The problem is we are, all of us, smothered with issues and problems. The world, simply put, sucks right now, and it can all seem too much to deal with. I went to a local organization a few months ago, left the car running to go inside for a second and offer my time in any way they could use me at their food bank. Well, it turns out they do so much–they run flea markets, food distribution, furniture sales, Habitat for Humanity, and a dozen other charitable efforts in a deceivingly large warehouse. The woman in charge whose name is on the building gave me a tour and introduced me to everyone–every single person–in the complex, explained to me what their missions were for each section, where everything comes from, where it goes, who does what, where they got the walk in freezers and where they hope to get more storage units. I made it back to the front door and a woman handed me my car keys. “I turned it off for you,” she said. Three hours had passed.

I went home (just a few miles away and I swear I had no idea what they did there), overwhelmed. I went in wishing to help but left with the impression they wanted me to do everything. My brain was on different meds at the time and I already couldn’t think straight, so I just didn’t go back. I found a half dozen rationalizations. There are always a few good ones laying around.

Then a few weeks ago a student wrote saying he knows the paper is very late but he decided to write about “School Shootings,” and he just doesn’t know where to start. I explained what all writing teachers do: you’re trying to write about a massive topic–no one could do that. You’ll never find the words to get started if you try and tackle too much. You’ve only got room on the pages for a sliver of that topic; how about one aspect of one shooting. Start there, let the paper communicate all you can about one thing instead of skimming the surface about everything and end up only communicating what everyone already knows. Standard lecture about topic choice.

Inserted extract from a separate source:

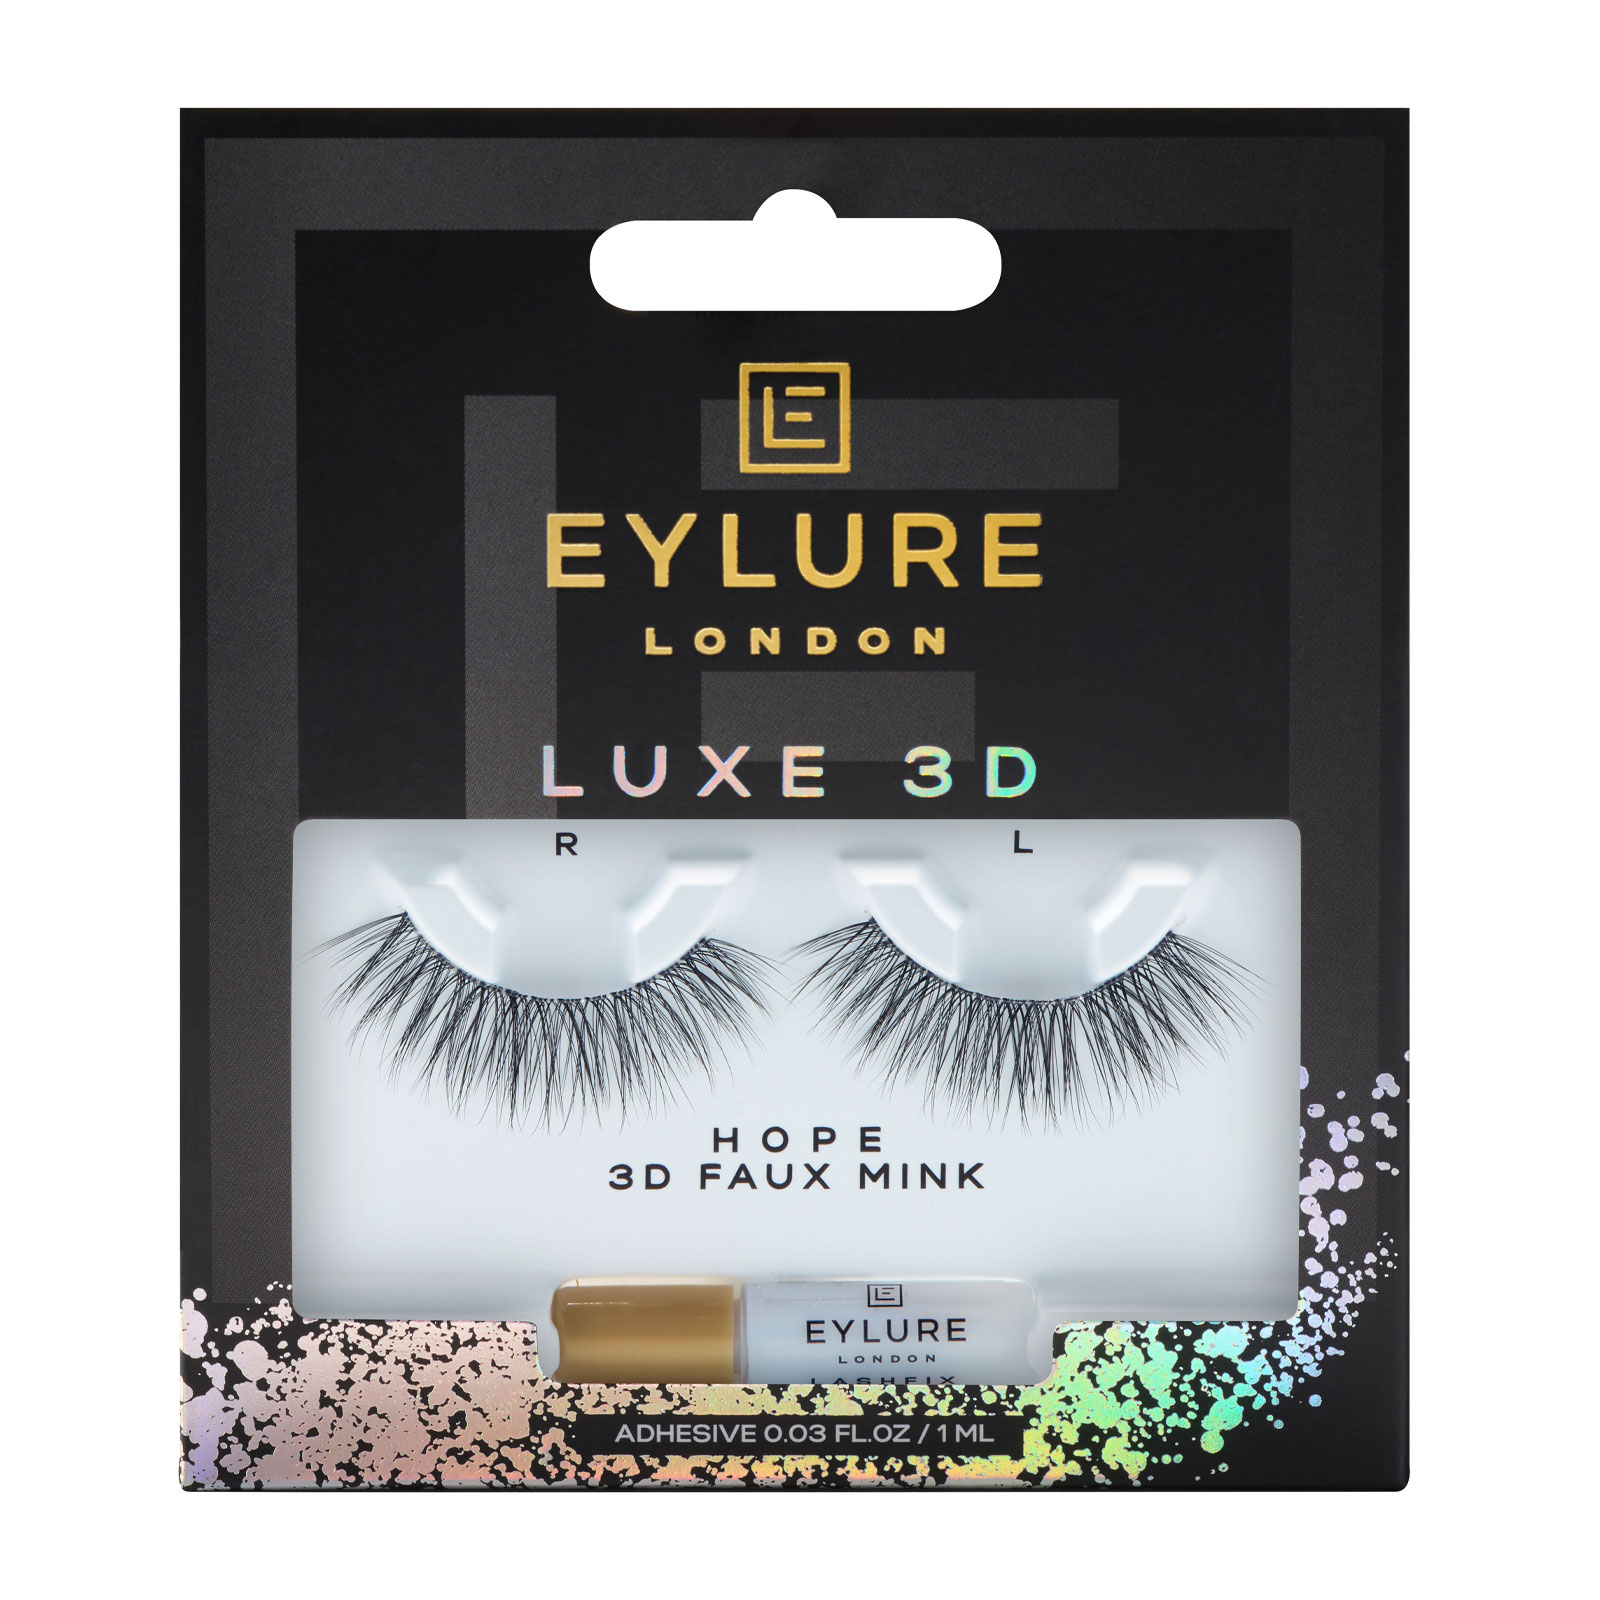 Eylure Luxe 3D 魅惑假睫毛 1对 Hope

You’re ahead of me on this one, I can tell.

Yes, I drove back to the center and apologized for not being in sooner and explained why–the overwhelming introduction that left me feeling like I could never remember anything. But I was there, and I wanted one task–one. I didn’t want to know just yet what else there is to do. Just let me pick up food or hand it out or clean up afterwards or whatever. Give me a task and let me rebuild my idealism that such seemingly menial efforts all add to the bigger picture, which IS the ideal: To feed everyone.

I am out of the ditch. But I learned something I had forgotten over the course of four decades–those ditches are packed with people who don’t know how to get themselves back on their own two feet again.

The poster had the answer all along. It doesn’t instruct how to revamp the agricultural system; it doesn’t suggest massive movements of crops. It says, simply, “Ending world hunger starts here: Please don’t waste food.” That’s it. A simple task that at one time I believed might change the world. It will.

“How I’d love to find we have that kind of choice again”

–Harry Chapin.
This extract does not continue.